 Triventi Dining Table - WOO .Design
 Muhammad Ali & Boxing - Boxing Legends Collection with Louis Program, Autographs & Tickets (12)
----------
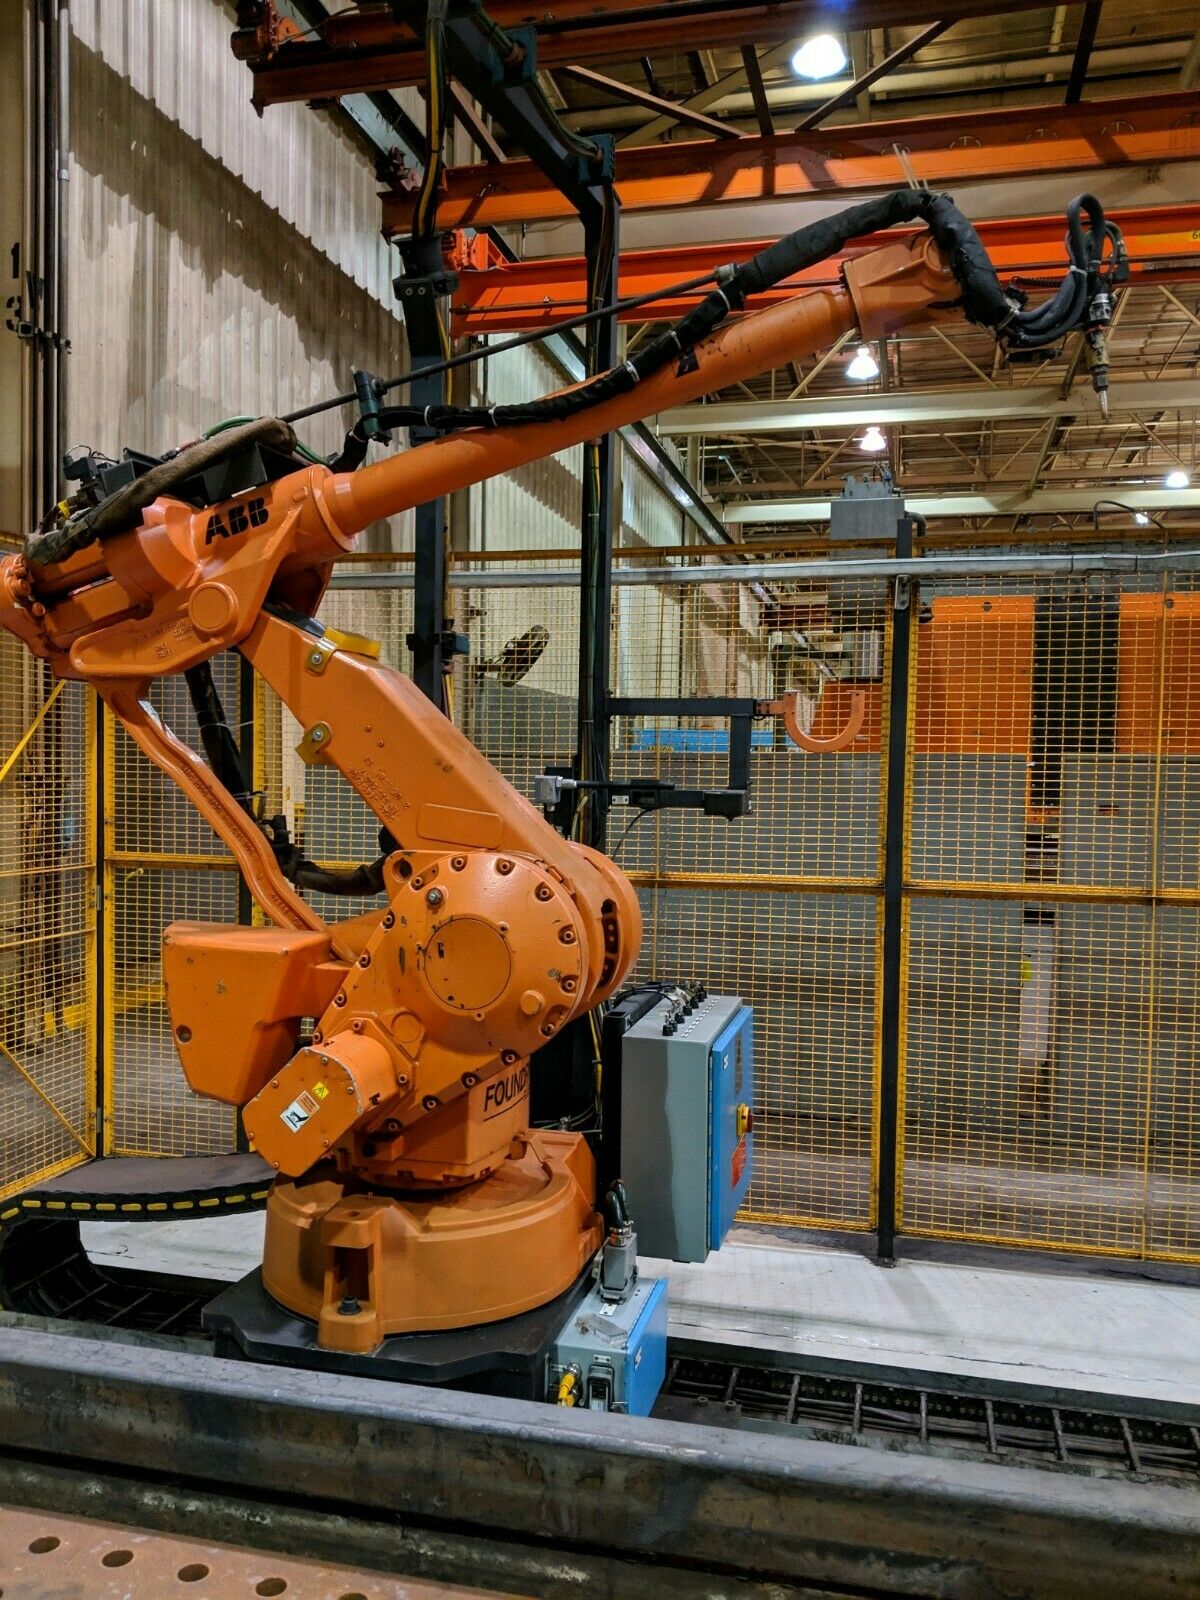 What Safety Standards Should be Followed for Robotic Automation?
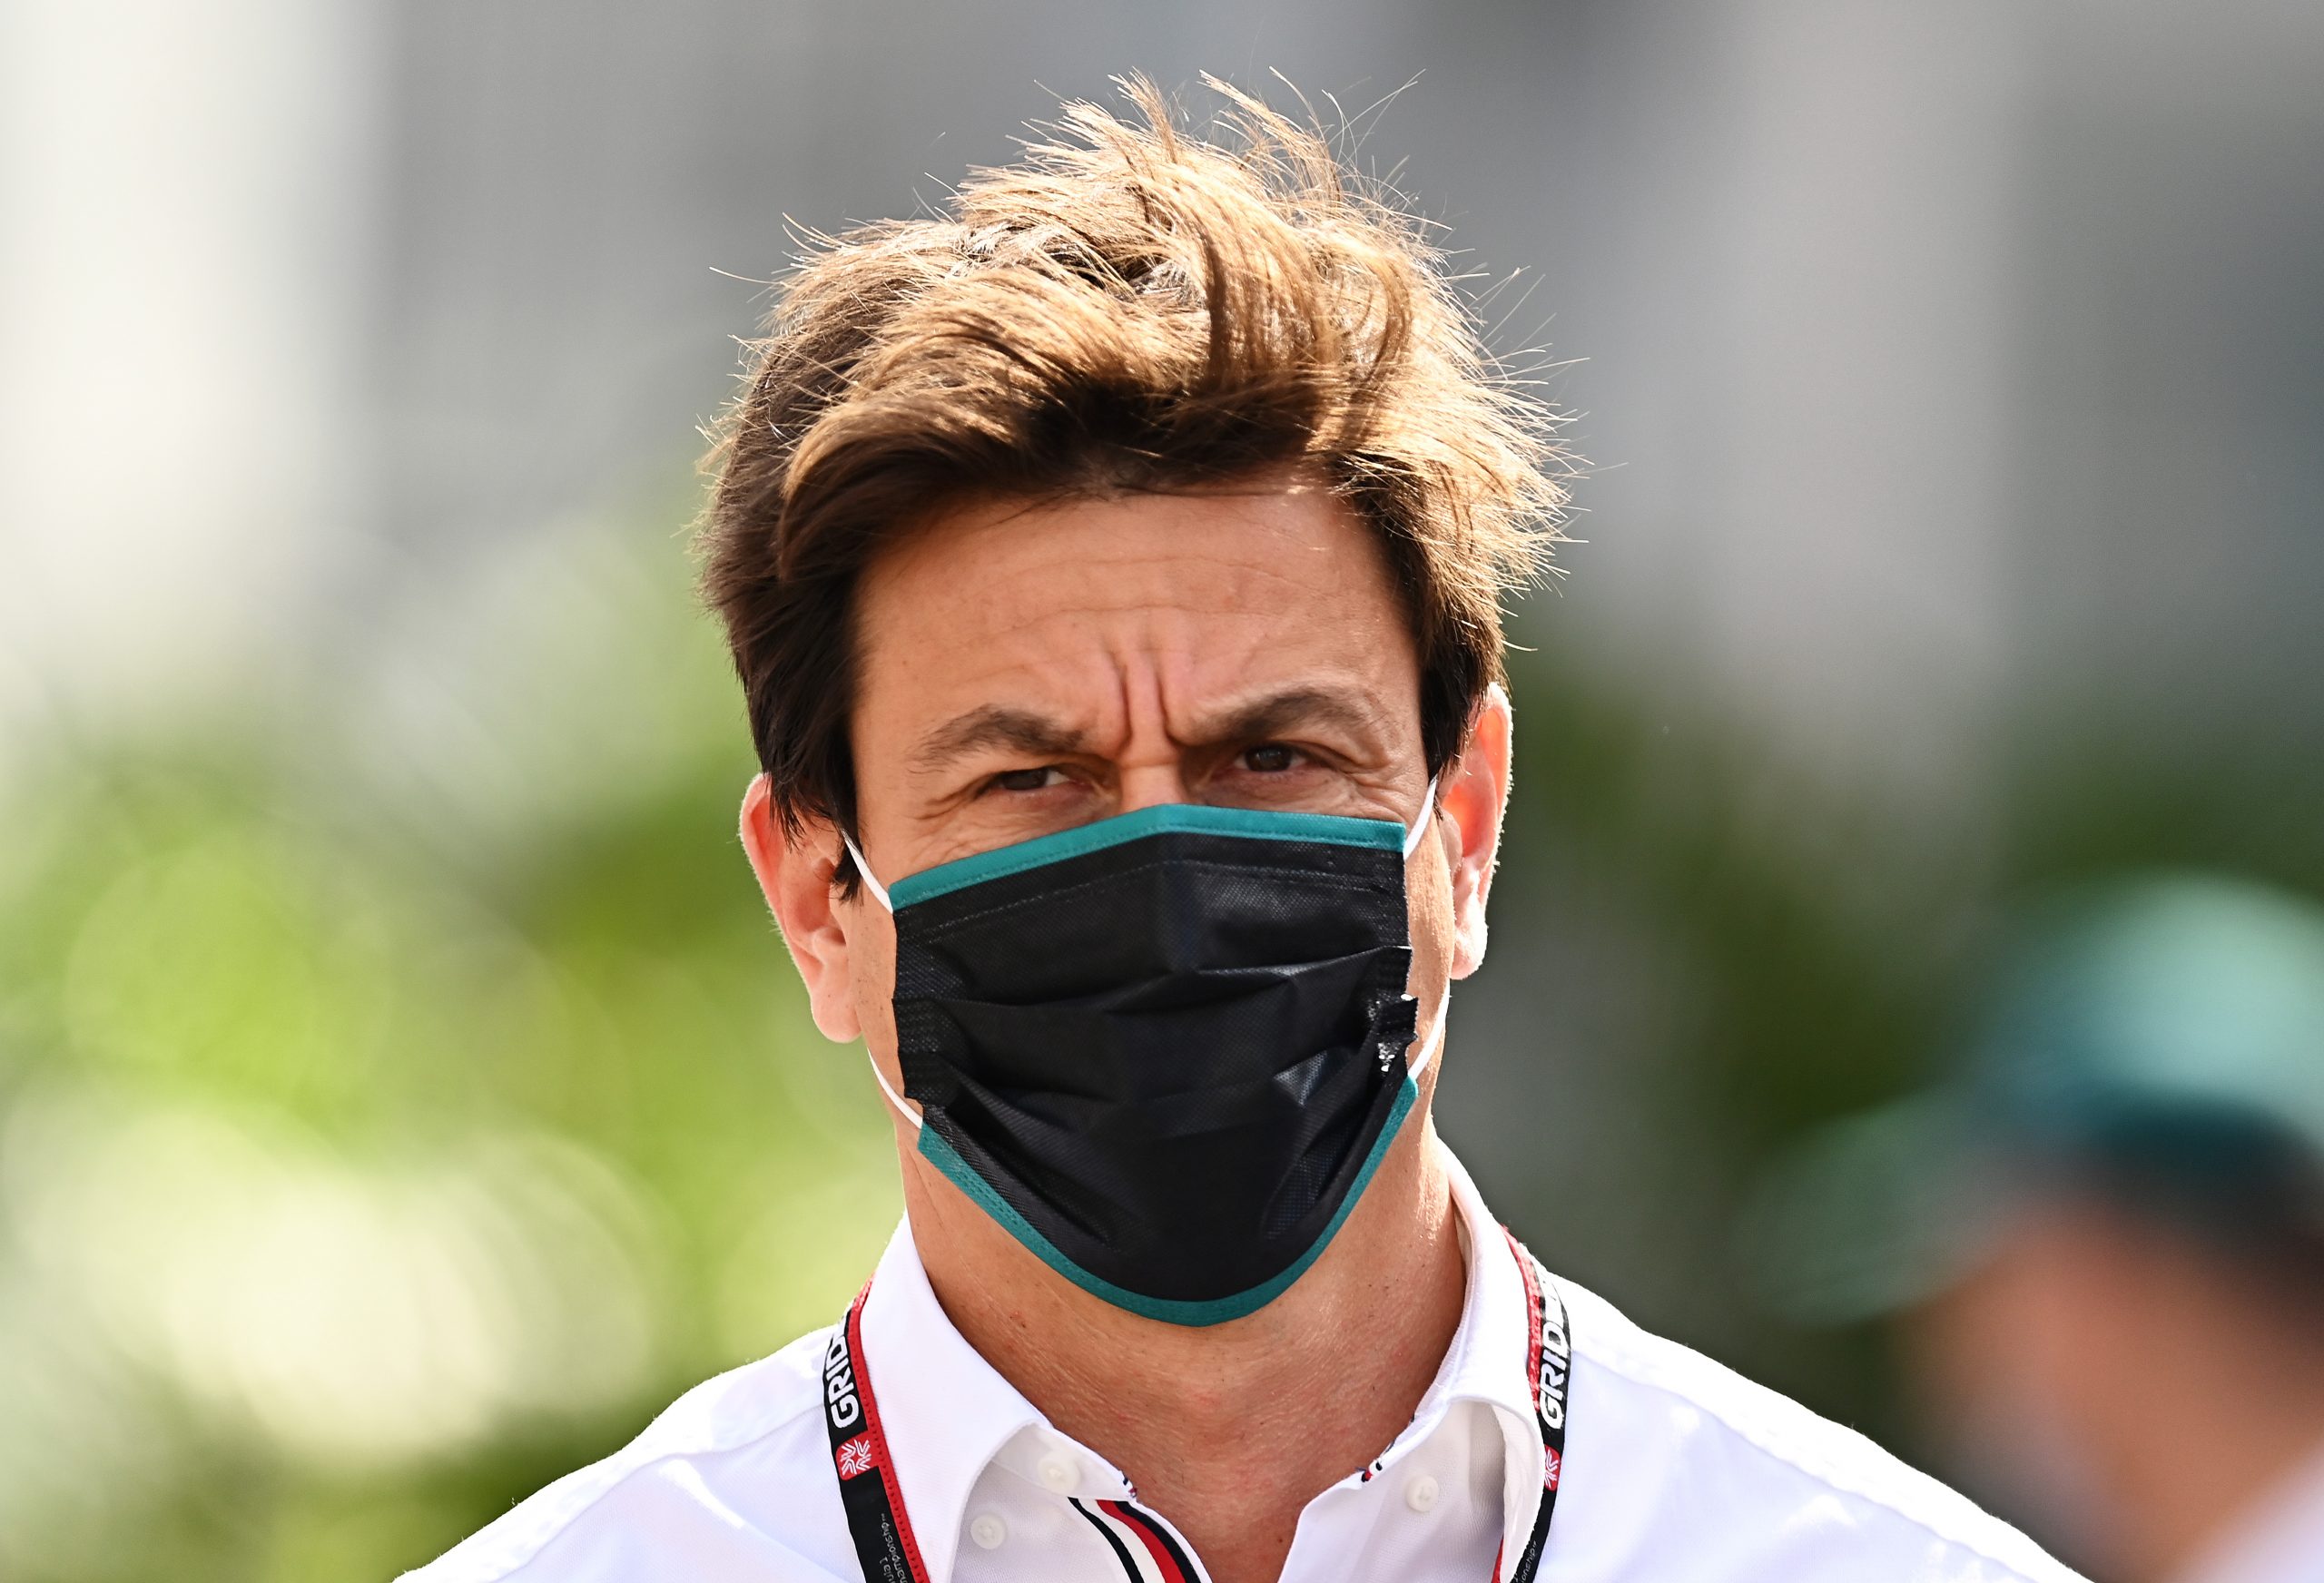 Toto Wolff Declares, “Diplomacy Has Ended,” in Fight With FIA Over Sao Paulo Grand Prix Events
----------
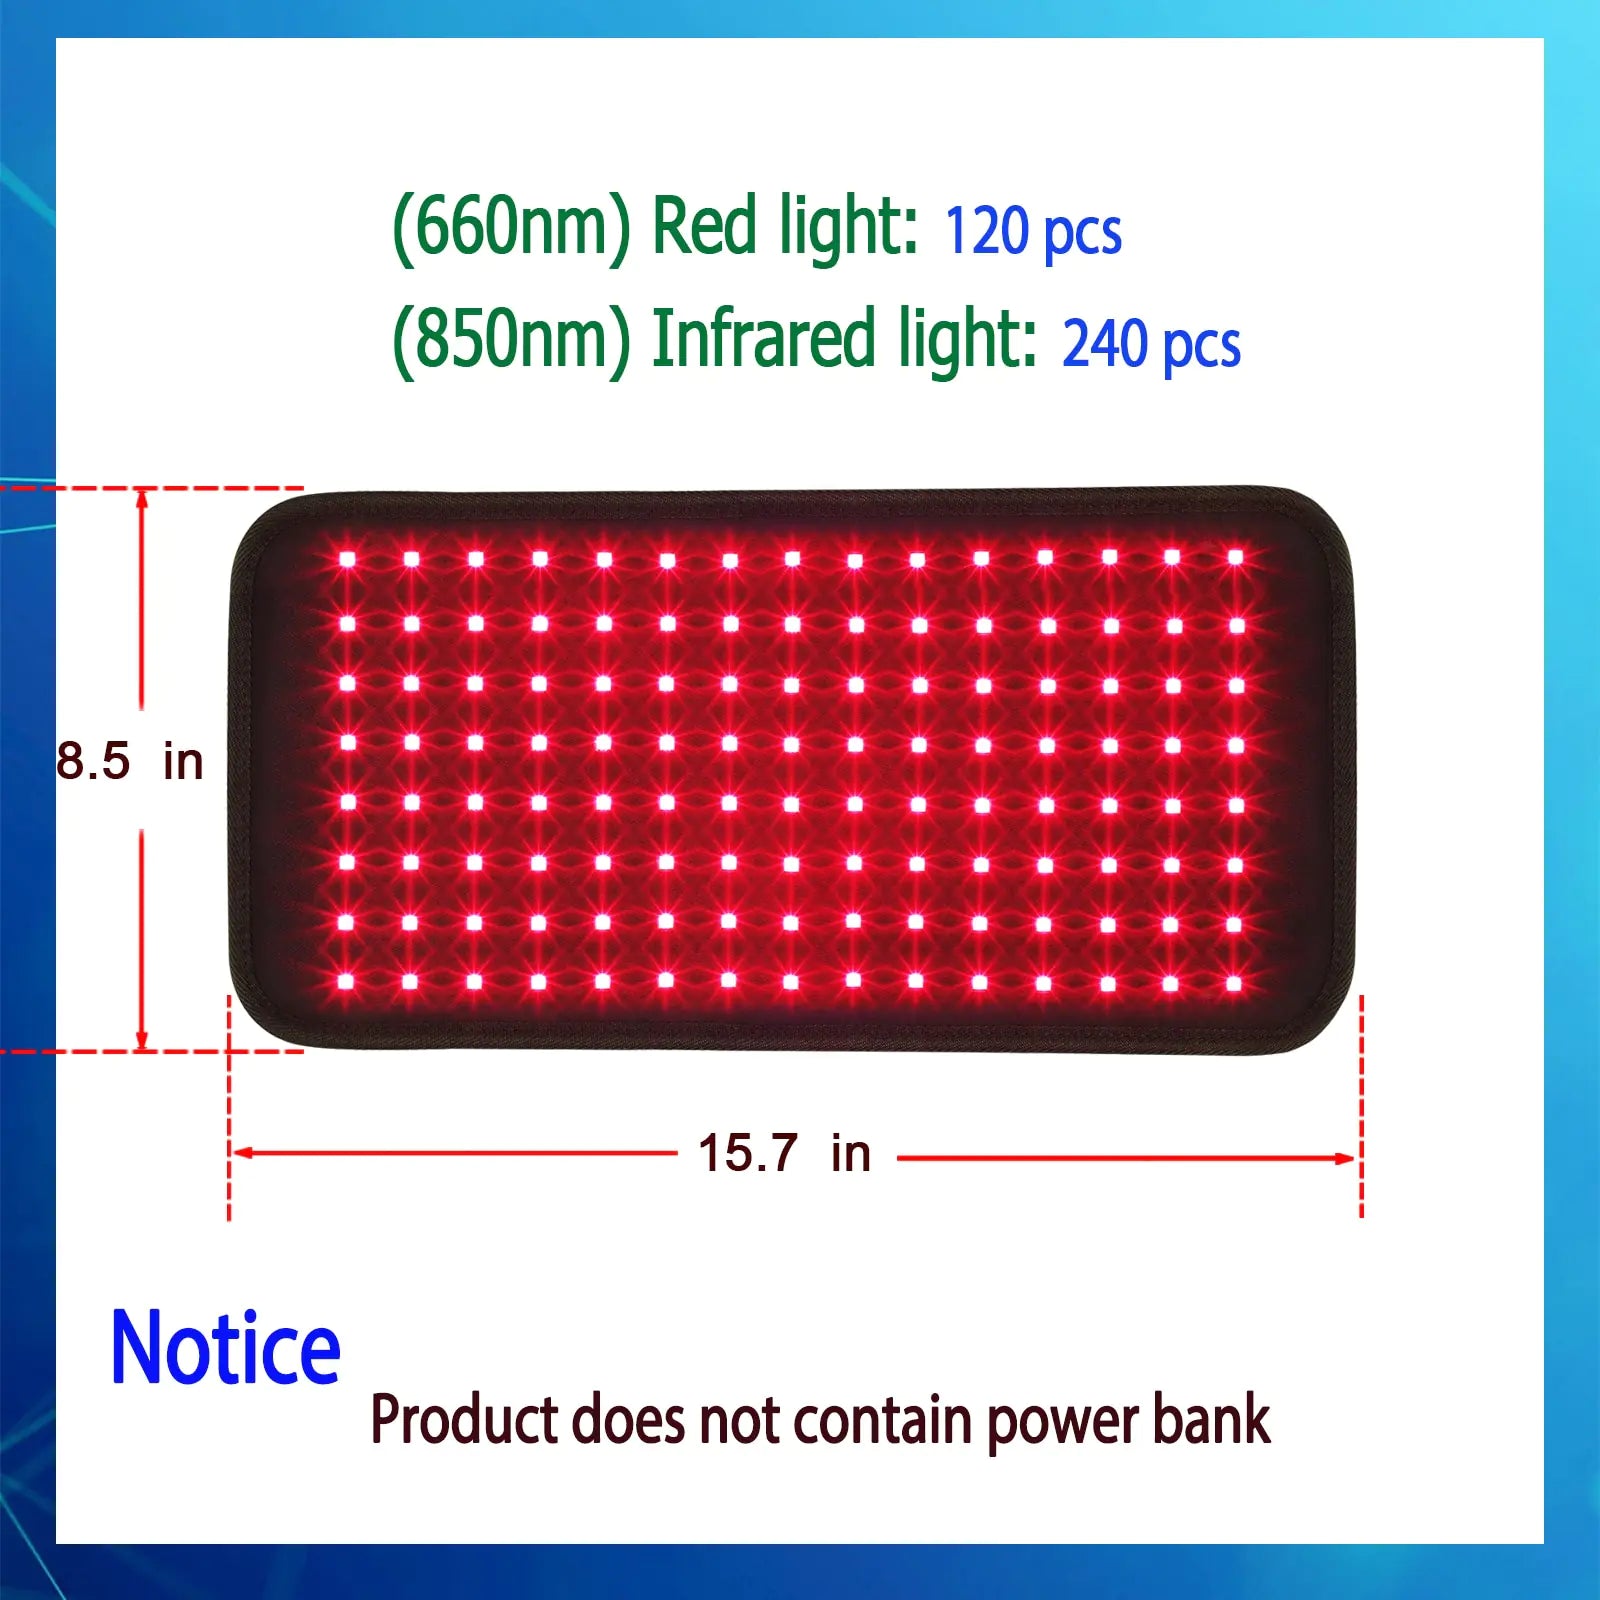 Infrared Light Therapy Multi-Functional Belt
----------
= WORK REQUEST =
All pictures are to be skipped. Output, word for word, the lines in the data above starting at the line containing "What Safety Standards" and ending at the line containing "Grand Prix Events".

= WRITTEN ANSWER =
 What Safety Standards Should be Followed for Robotic Automation?
 Toto Wolff Declares, “Diplomacy Has Ended,” in Fight With FIA Over Sao Paulo Grand Prix Events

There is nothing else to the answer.